Wednesday the 6th of August 1997, it was; a balmy evening outside, sweltering inside; the sense of expectancy, especially once you had fully absorbed the fact that very soon you would be stood less than 15 feet away from the great man, palpable. Reeves Gabrels on guitar, Gail Ann Dorsey on bass, Zachary Alford on drums and the seemingly perennial Mike Garson on keyboards were already on stage as this ethereal vision appeared to float into view from stage left.
Dressed in a brilliant white shirt slashed to the navel, improbably blonde, bronzed and handsome, wreathed in beatific smiles and strumming the opening chords to Quicksand on an acoustic guitar, this really was the man who fell to earth. For all the world this surely was David Bowie stood before us, but it could equally have been some alien from outer space such was the otherworldliness of this being and its presence. In many respects what ensued barely mattered, as this experience could surely never be repeated or bettered.

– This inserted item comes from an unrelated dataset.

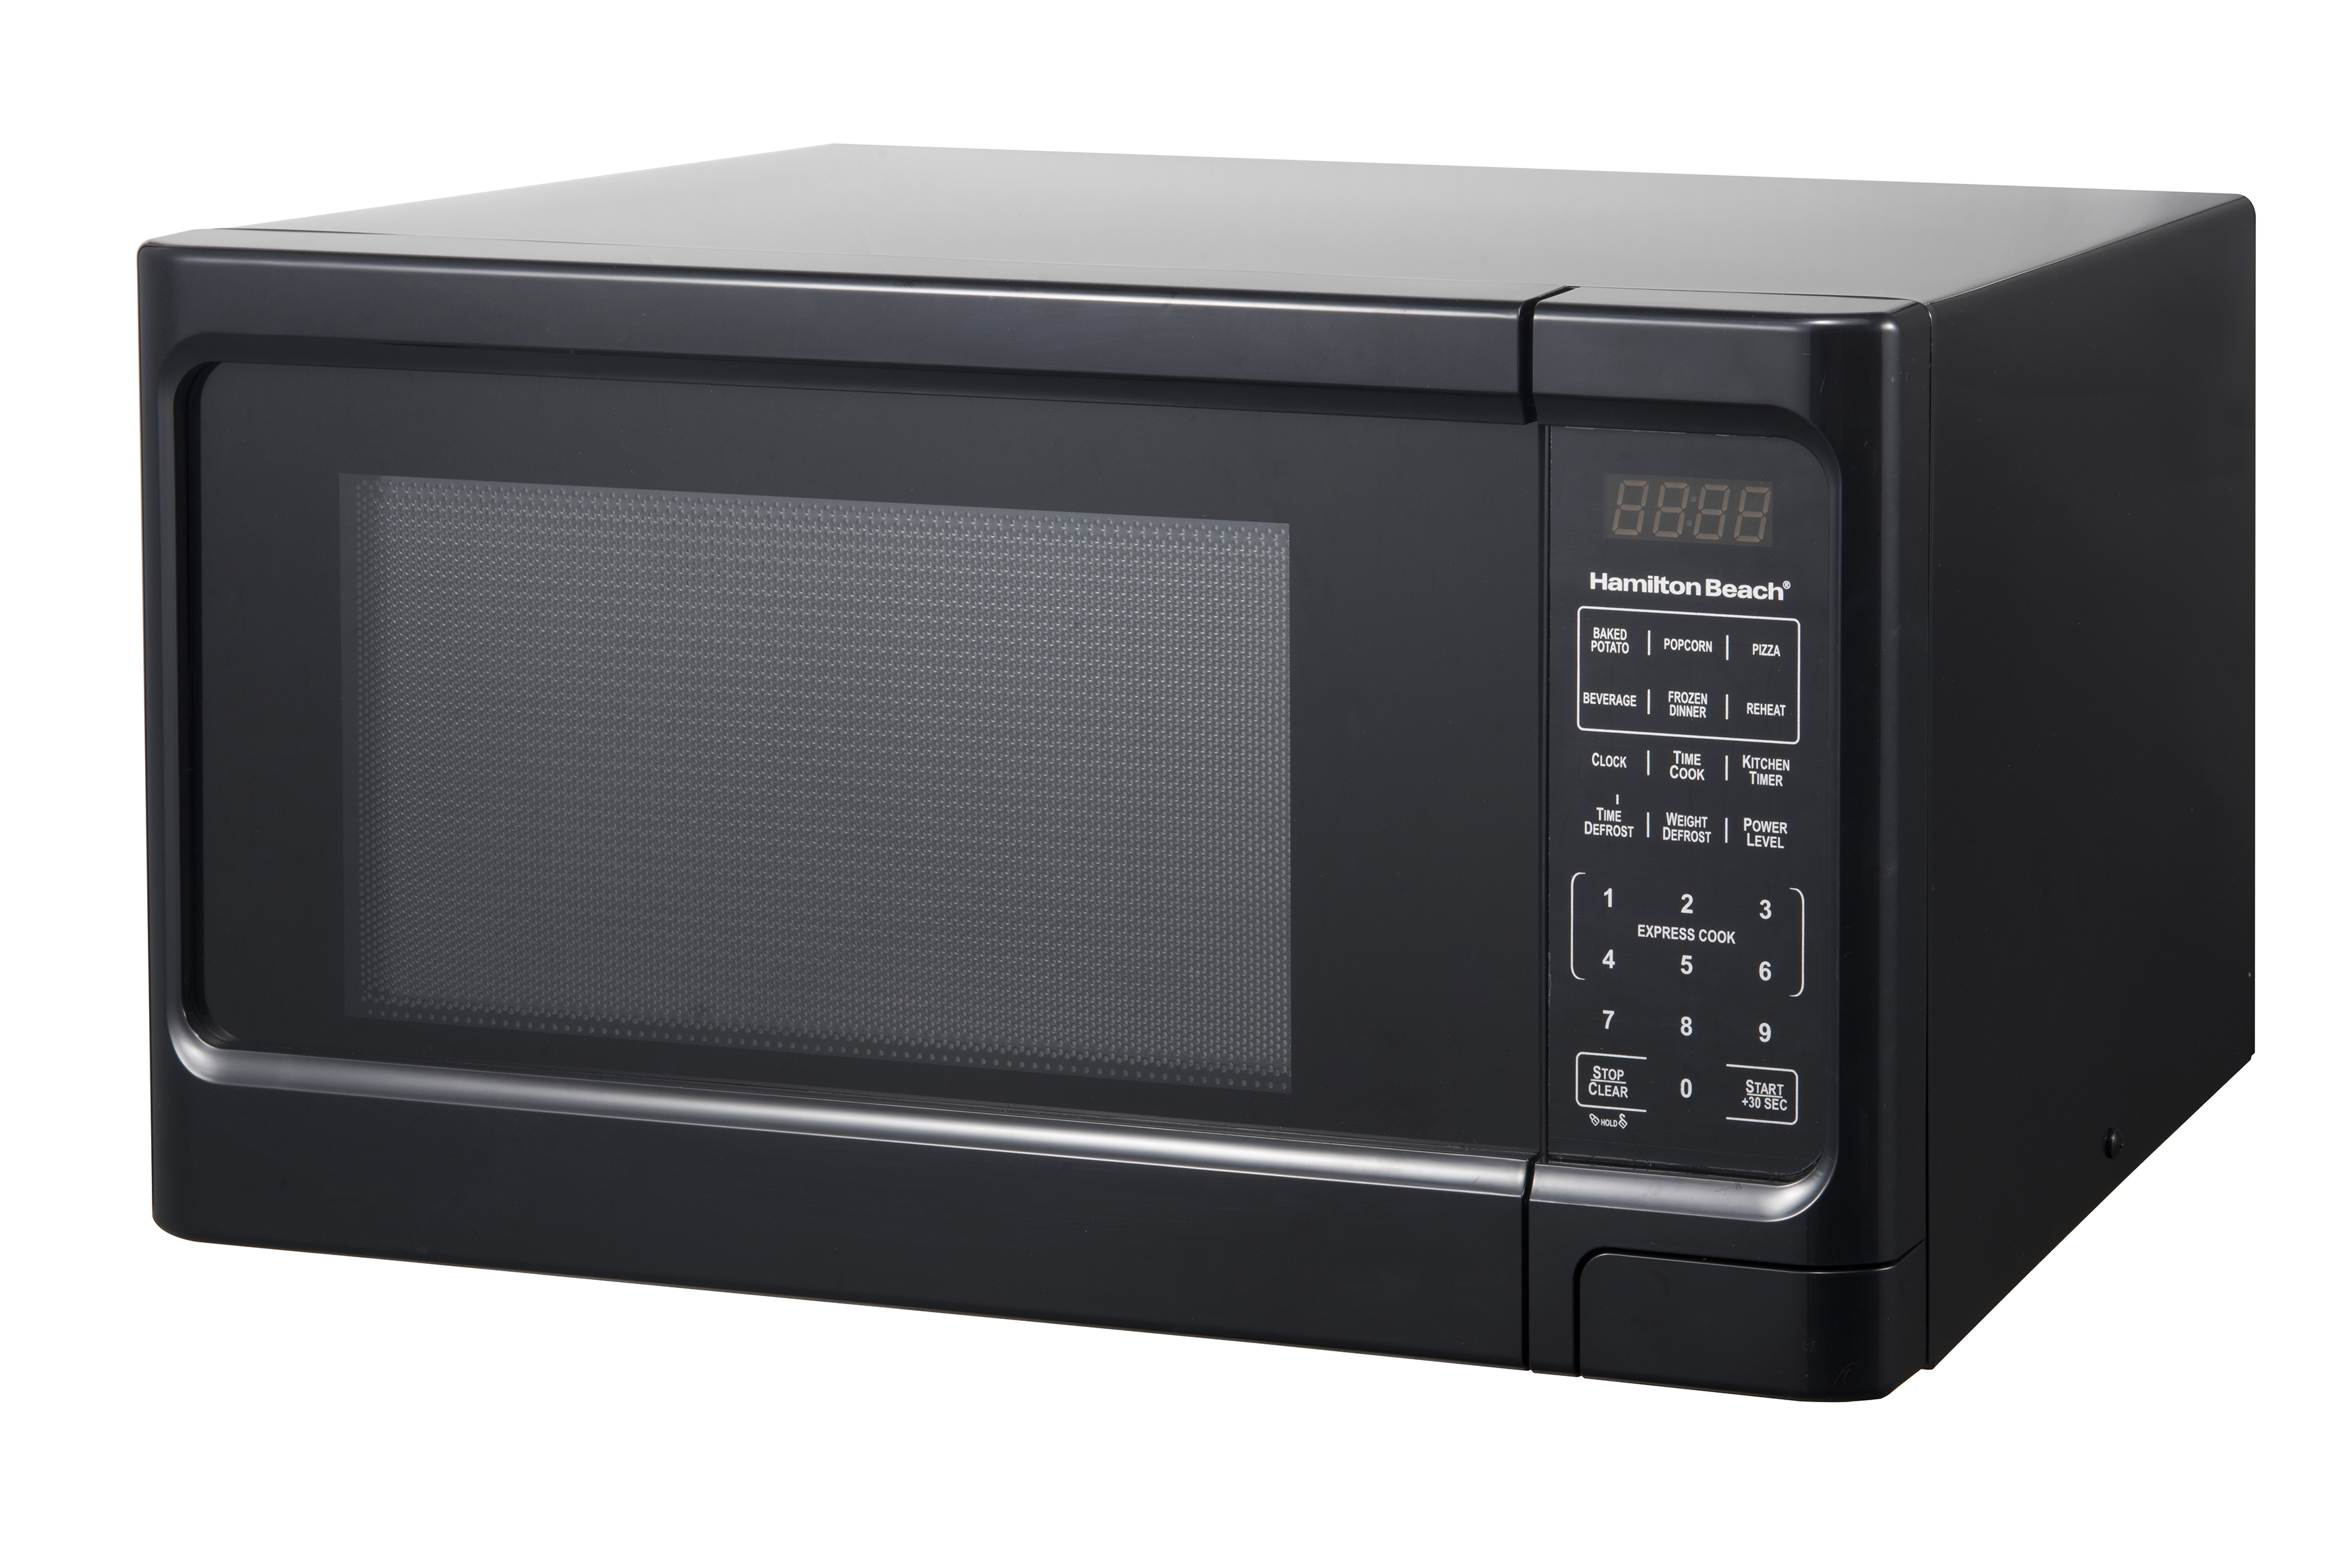 10 Best Countertop Microwaves of 2023

But Quicksand was followed, naturally, by The Man Who Sold The World. And Queen Bitch was then followed by The Jean Genie in what was, and probably still is, the strongest fusillade of four songs to ever open any show. The rest of the performance was dominated by songs from Earthling, the album that the tour was there to promote. I’m Afraid Of Americans was edgy, sinister and paranoid whilst the melody of Hallo Spaceboy was still rattling around in my brain for days afterwards such was the all-consuming power of its thunderous groove. But the entire evening still remains to this very day completely consumed by that grand entrance.
By the time of the Heathen tour five years later, Bowie was for many running on creative memory and a greatest hits-heavy set at Manchester’s Old Trafford Cricket Ground on the 10th of July 2002 merely appeared to confirm this. Whilst it would be entirely wrong to suggest he was by now sitting in the career easy-chair equivalent of Vegas-period Elvis or Sinatra at the Sands, this performance was undoubtedly clear evidence of a man who was at one with his world and with seemingly nothing left to prove. But there again Bowie’s greatest hits are in another universe to anybody else’s, so to see and hear him perform Heroes, Ashes to Ashes and then to end his set with Ziggy Stardust itself is probably more than anyone could ever wish for in one lifetime.
Less than two years later at Das Hurricane Festival in Scheeßel in Germany, and as the remainder of that Reality tour was to be cancelled due to him having undergone emergency heart surgery for a blocked artery, David Bowie performed what up until now has proved to be his last live show. Producer Tony Visconti recently suggested that Bowie was now finished with public performances but despite this assertion some bookmakers are still laying odds of 2-1 that he will appear at this year’s Glastonbury festival, and perhaps even more incredibly that he will duet with Mick Jagger on the Pyramid Stage to Dancing In The Street. Neither would seem like a sound investment to me. But as we stand on the verge of The Next Day hitting stores or their virtual equivalent, he has shown us that he is not dead, creatively or otherwise, so maybe, just maybe I will be afforded the opportunity of a fourth David Bowie show.